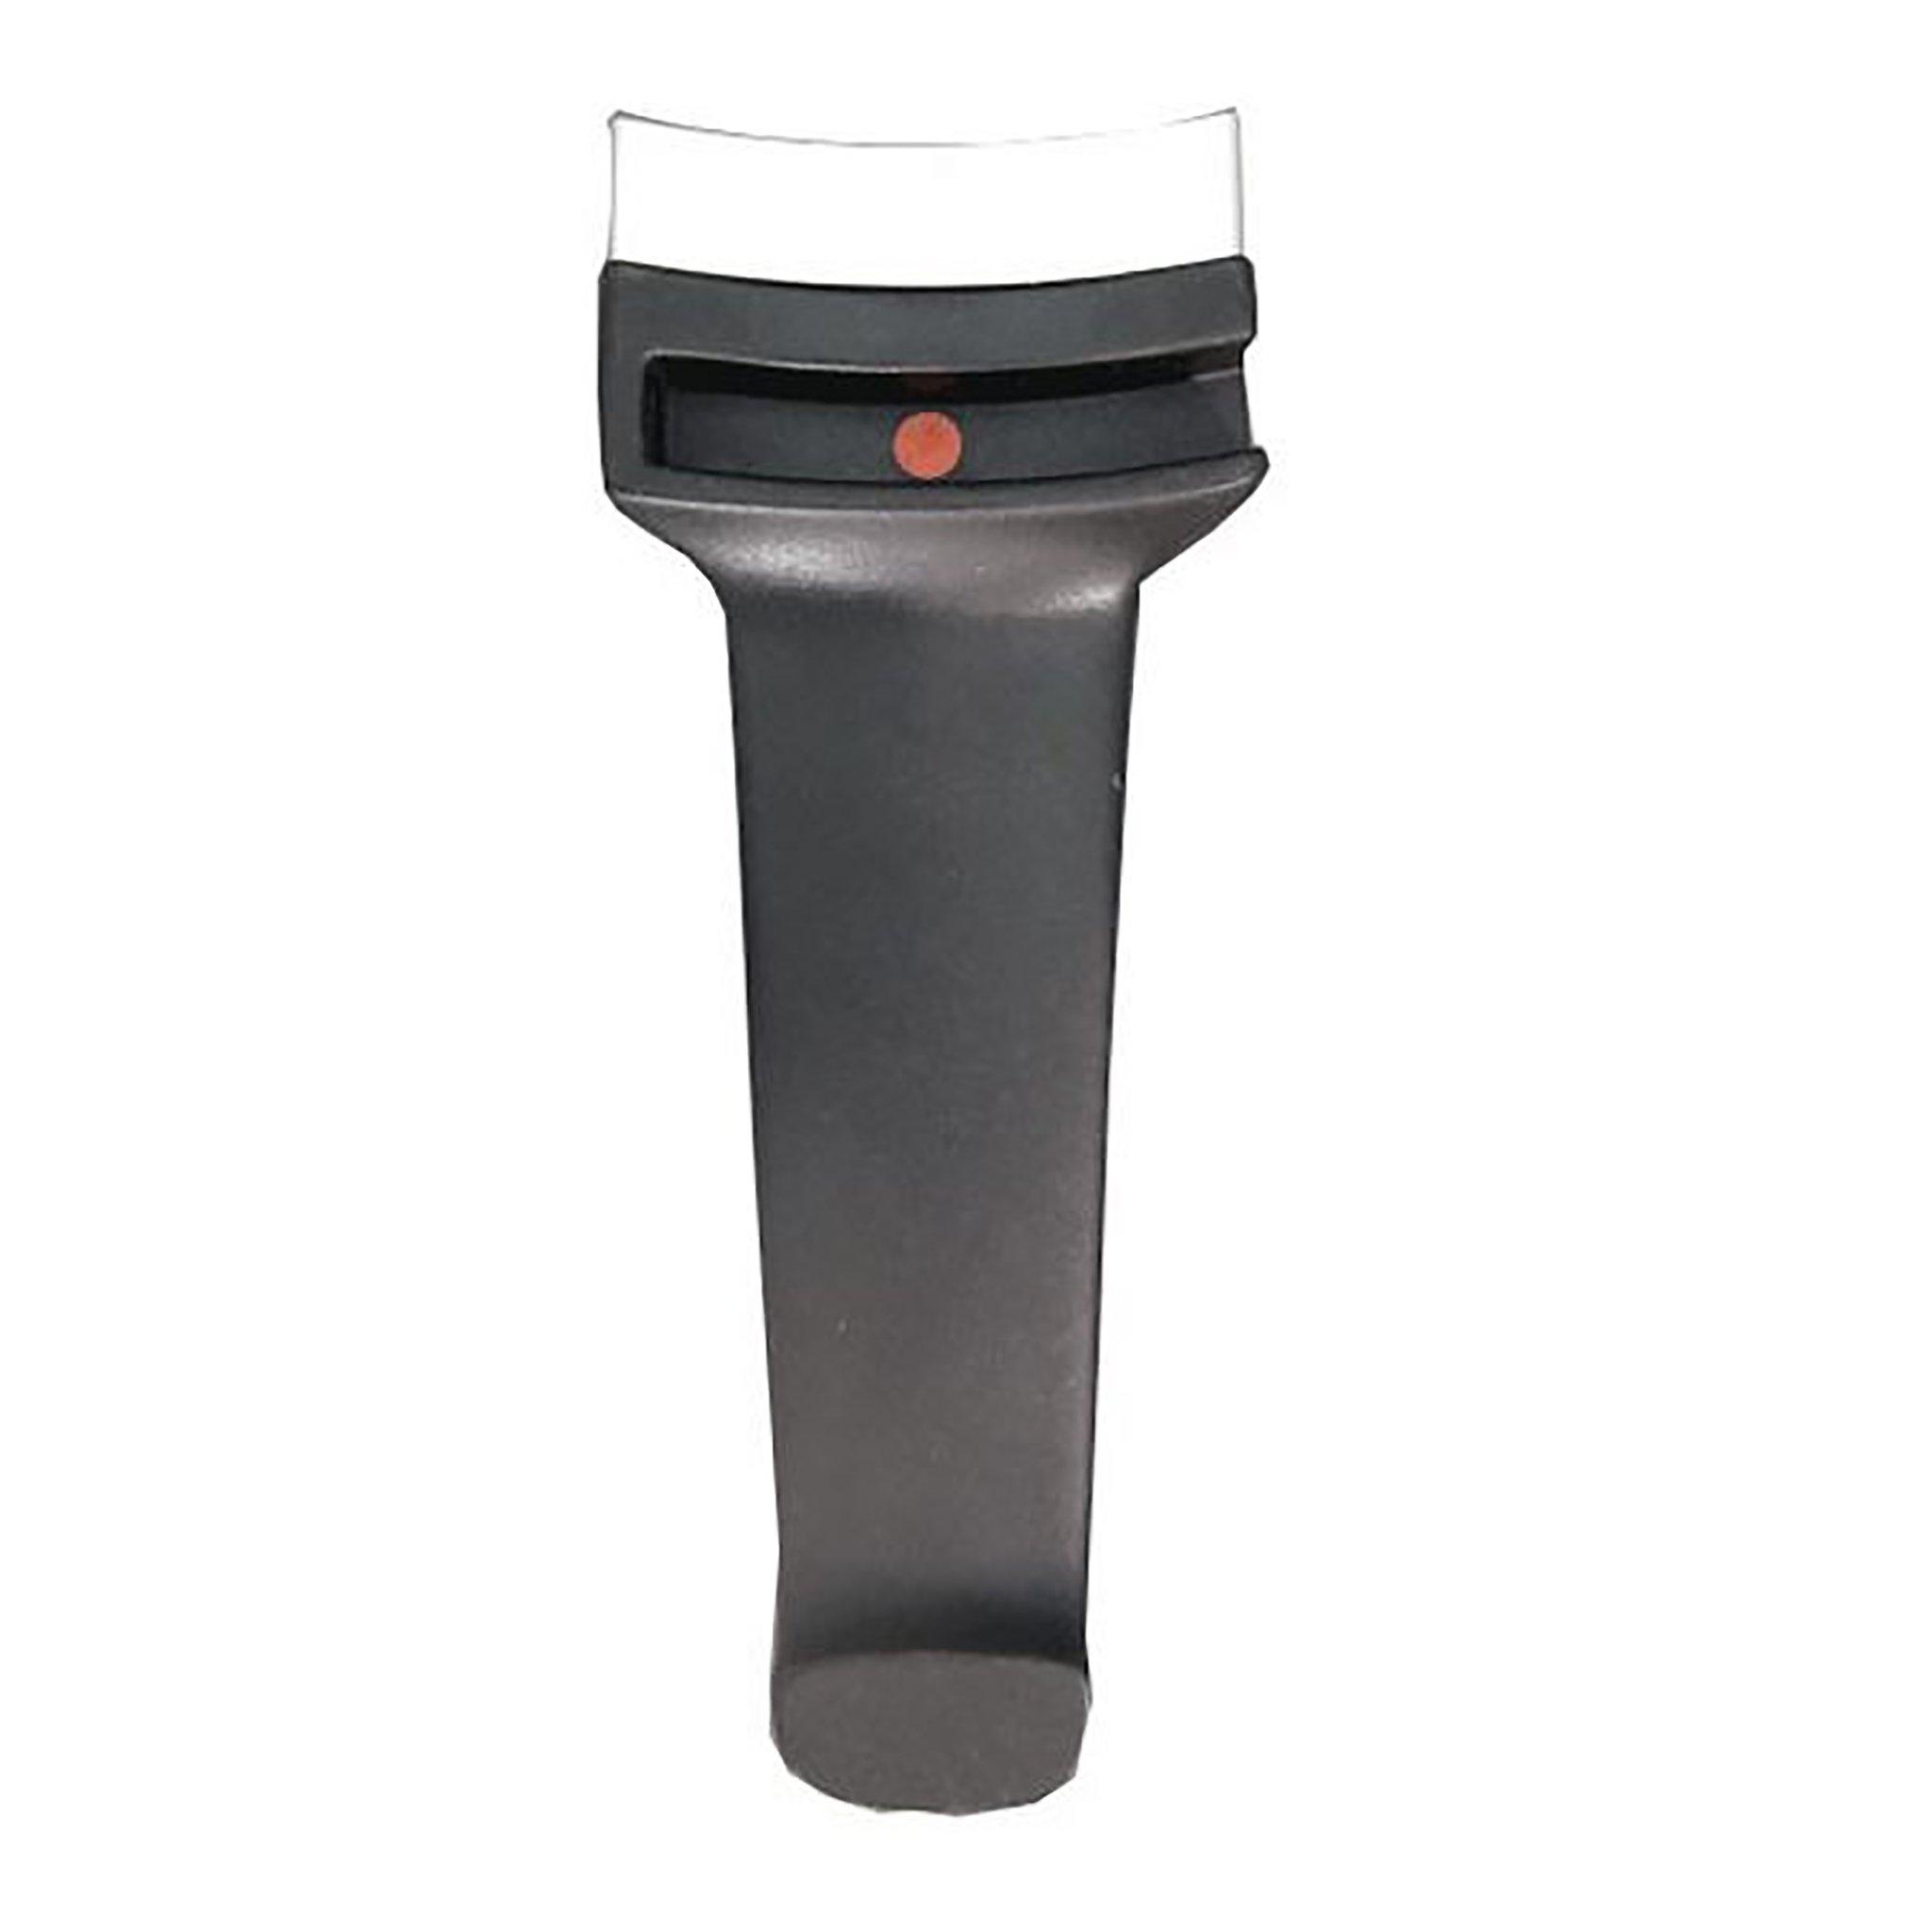 Fissler Body Handle for Pressure Skillet (New) 2.5L
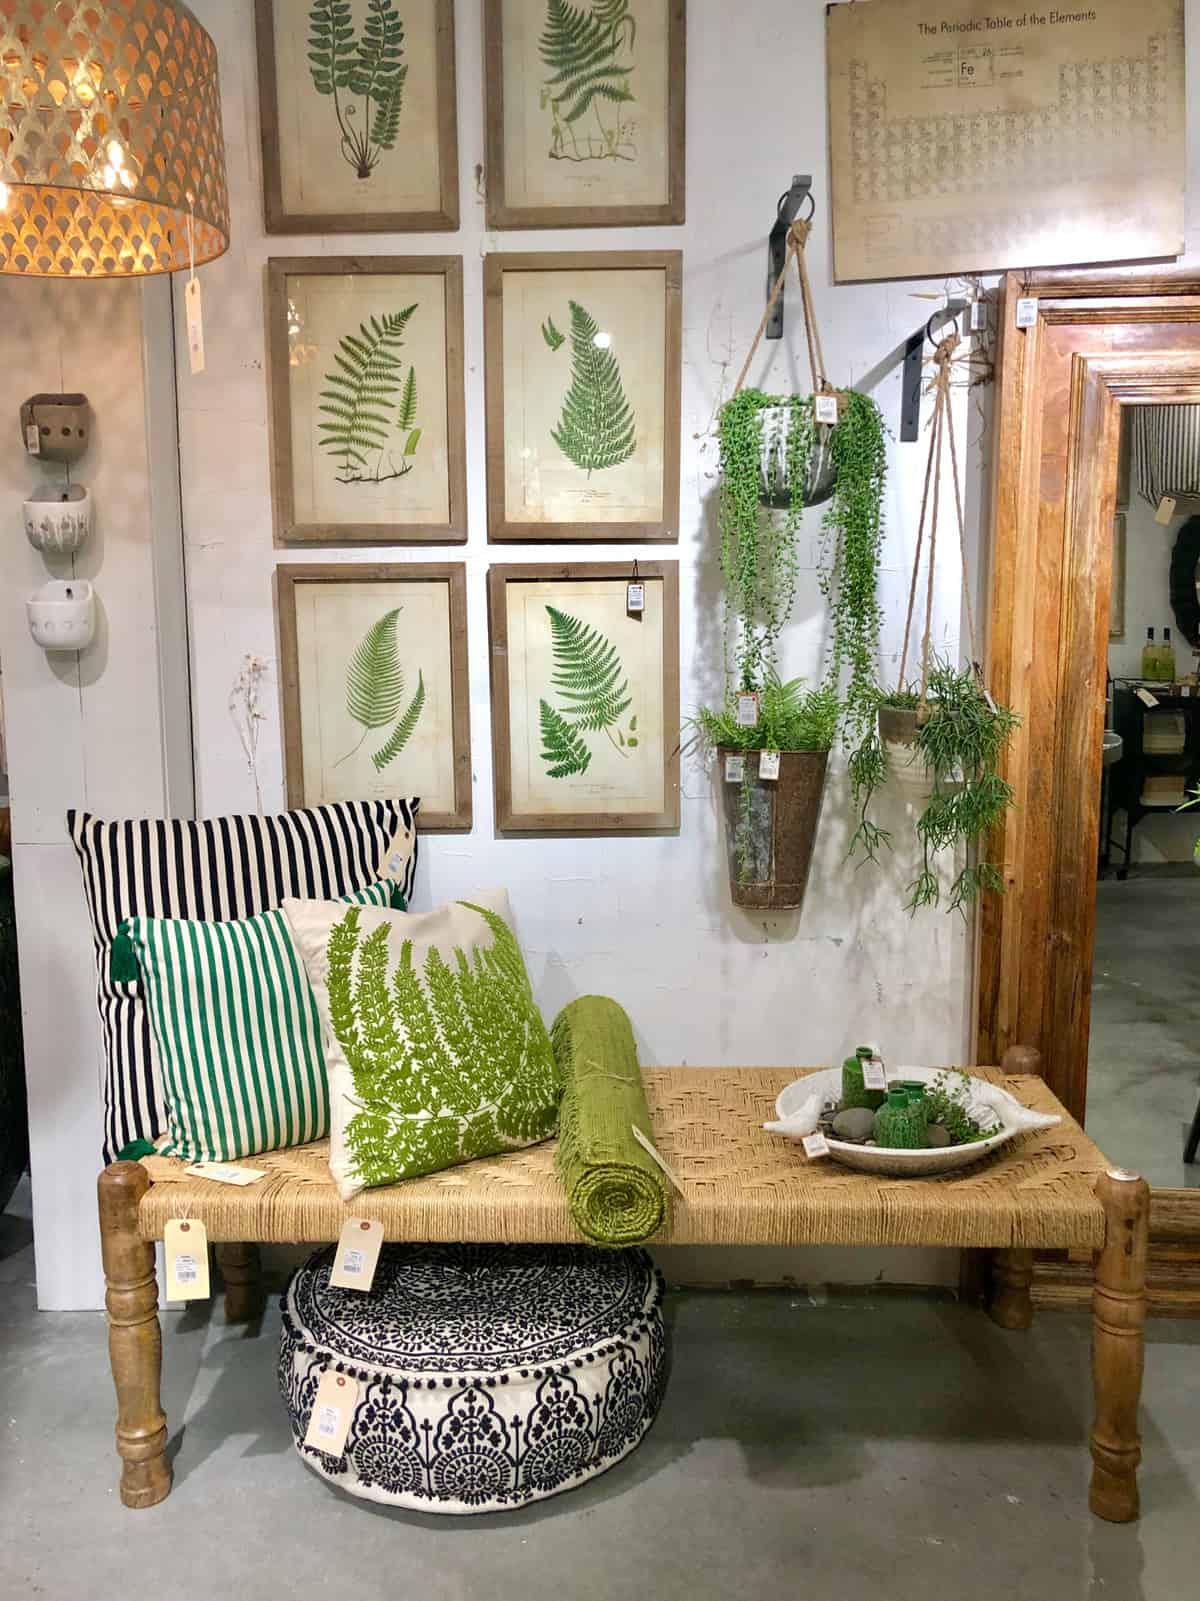 napa home and garden wares at americas mart
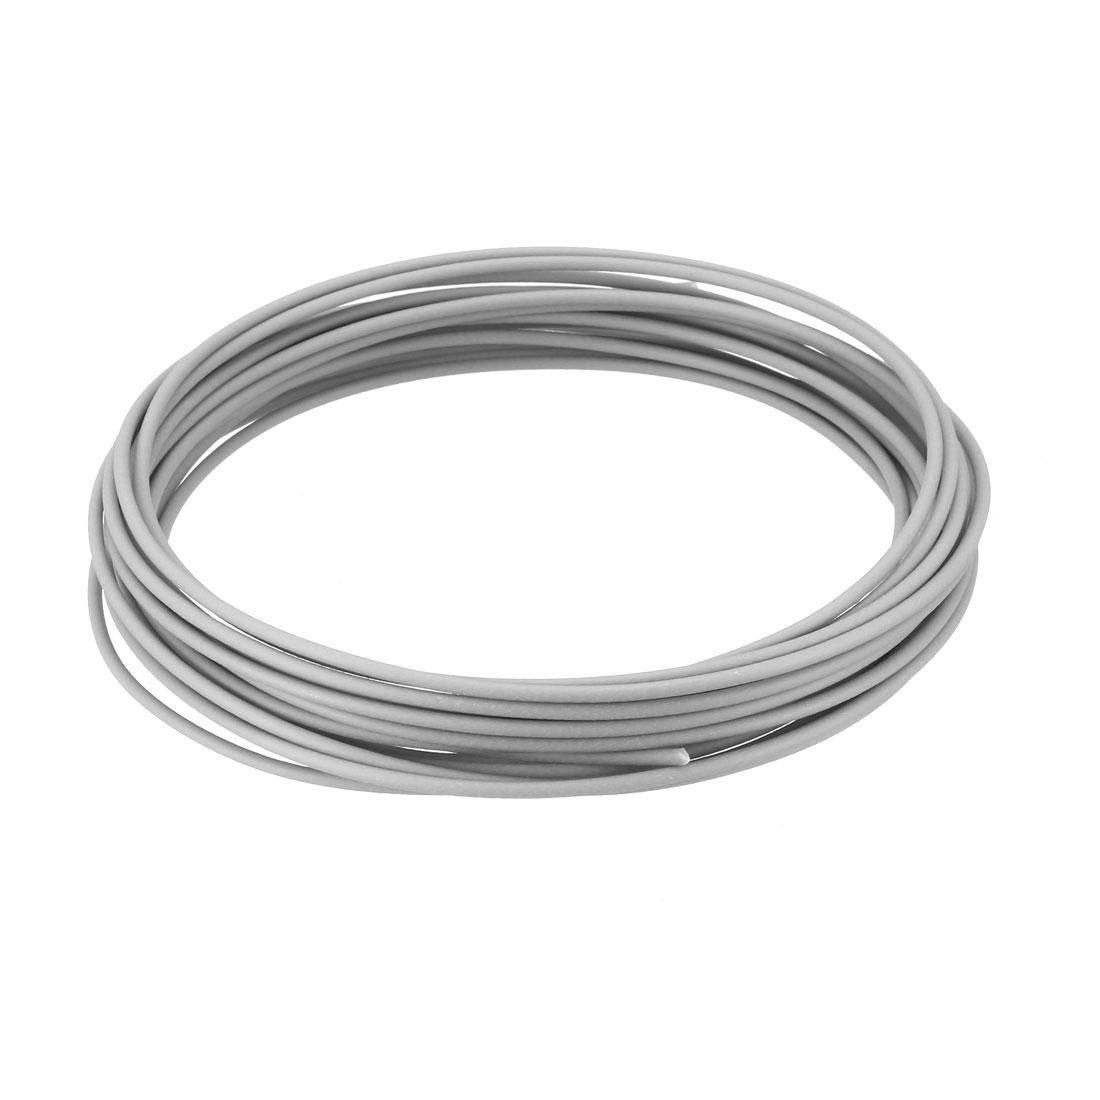 5 Meter/16 Ft PCL 3D Pen/3D Printer Filament, 1.75 mm Silver
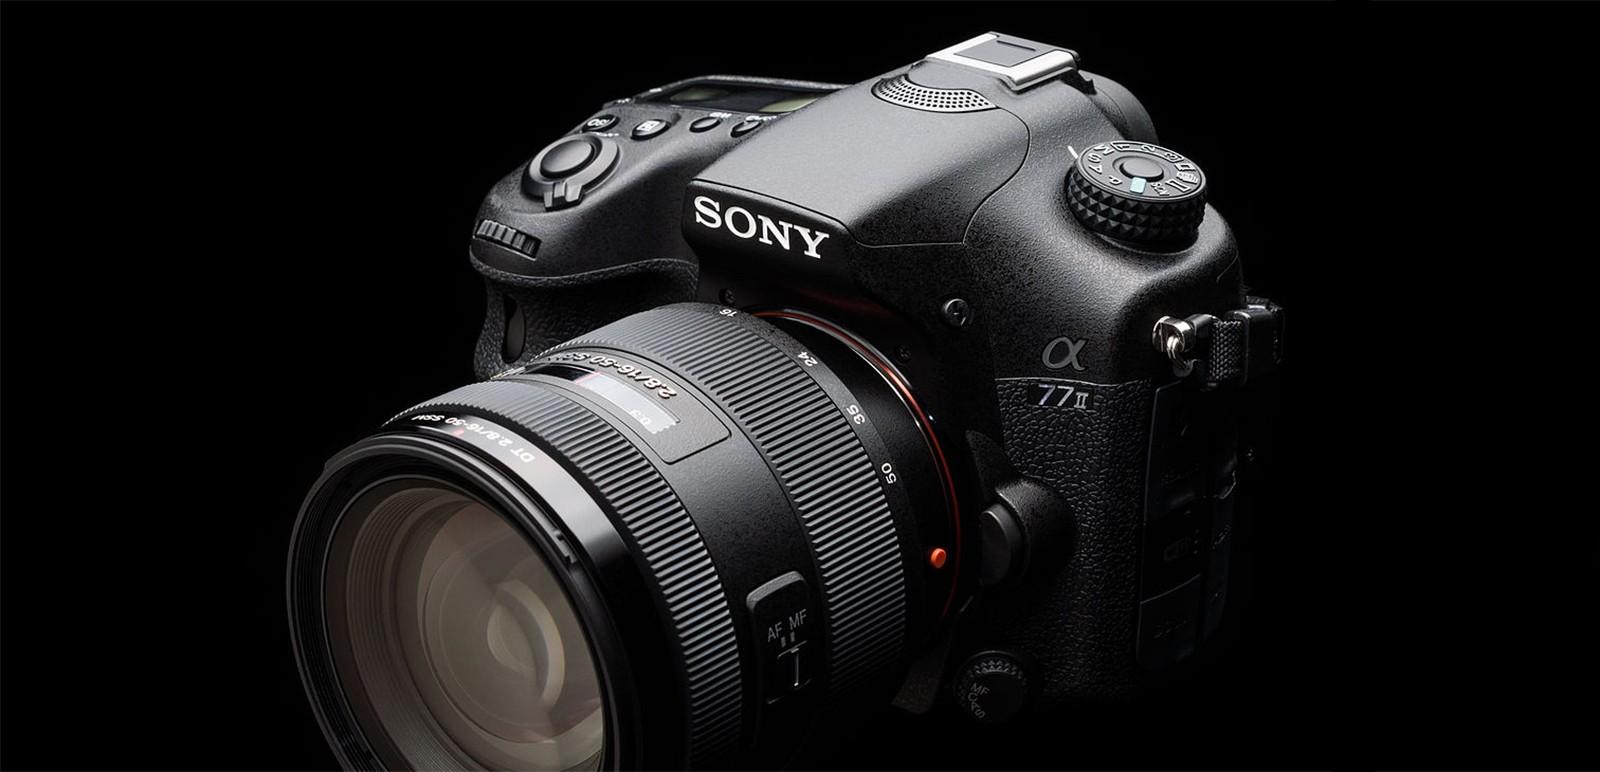 Sony Alpha A77 Mark II

[Exercise directions] Give back every line of the material above word for word, leaving out the pictures.

[Written solution]
 Fissler Body Handle for Pressure Skillet (New) 2.5L
 napa home and garden wares at americas mart
 5 Meter/16 Ft PCL 3D Pen/3D Printer Filament, 1.75 mm Silver
 Sony Alpha A77 Mark II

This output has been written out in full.